Background: Following shortage of Carmustine, BeEAM regimen (Bendamustine, Etoposide, Cytarabine and Melphalan) was used before autologous transplant in relapsed/refractory lymphoma patients. We evaluated safety and efficacy of BeEAM compared to BEAM. Patients and methods: Ninety consecutive patients receiving BeEAM (30pts) (Bendamustine 100, 120 or 200 mg/m²/d) or BEAM (60 pts) were retrospectively analyzed. Results: In the BEAM group, 68% had NHL and 32% HL compared to 87% and 13% in the BeEAM group (p = 0,014). Pts were in CR or PR at time of transplant. There was no difference regarding hematologic recovery and transfusion requirements. Highest dose of Bendamustine were associated with grade ≥ 2 kidney toxicity. We observed a significant higher incidence of symptomatic HHV-6 infection (53.3% versus 8.3%), digestive toxicity (36.6% versus 15%) and prolonged hospitalization (25 versus 21 days) with BeEAM. After a median follow up of 61 and 49 months for BEAM and BeEAM, 5y-OS and PFS (76% versus 67% and 56% versus 70%) and TRM (0% versus 3%) were not different. Conclusions: BeEAM with the highest doses of Bendamustine was associated with increased risk of HHV-6 infection, longer duration of hospitalization, higher rate of digestive toxicity and increased acute kidney failure while survival was comparable.
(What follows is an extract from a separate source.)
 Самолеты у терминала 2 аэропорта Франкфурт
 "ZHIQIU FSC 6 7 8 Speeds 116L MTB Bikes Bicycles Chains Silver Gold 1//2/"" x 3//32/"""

苯达莫司汀、阿糖胞苷、依托泊苷和美法兰调节方案后人类疱疹病毒6型感染的高发生率:一项单中心和回顾性研究
背景:由于卡莫司汀短缺,复发/难治性淋巴瘤患者自体移植前采用beam方案(苯达莫司汀、依托泊苷、阿糖胞苷和美法兰)。我们比较了BEAM与BEAM的安全性和有效性。患者和方法:回顾性分析90例连续接受BEAM(30例)(苯达莫司汀100、120或200 mg/m²/d)或BEAM(60例)治疗的患者。结果:在BEAM组中,68%的患者患有NHL, 32%的患者患有HL,而在BeEAM组中,这一比例分别为87%和13% (p = 0.014)。移植时患者处于CR或PR状态。在血液学恢复和输血要求方面没有差异。最高剂量苯达莫司汀与≥2级肾毒性相关。我们观察到beam的症状性HHV-6感染发生率(53.3%对8.3%)、消化毒性(36.6%对15%)和住院时间延长(25天对21天)显著增加。BEAM和BeEAM的中位随访时间分别为61个月和49个月,5y-OS和PFS(76%对67%,56%对70%)以及TRM(0%对3%)没有差异。结论:使用最高剂量苯达莫司汀的beam与HHV-6感染风险增加、住院时间延长、消化毒性发生率增加和急性肾衰竭发生率增加相关,但生存期相当。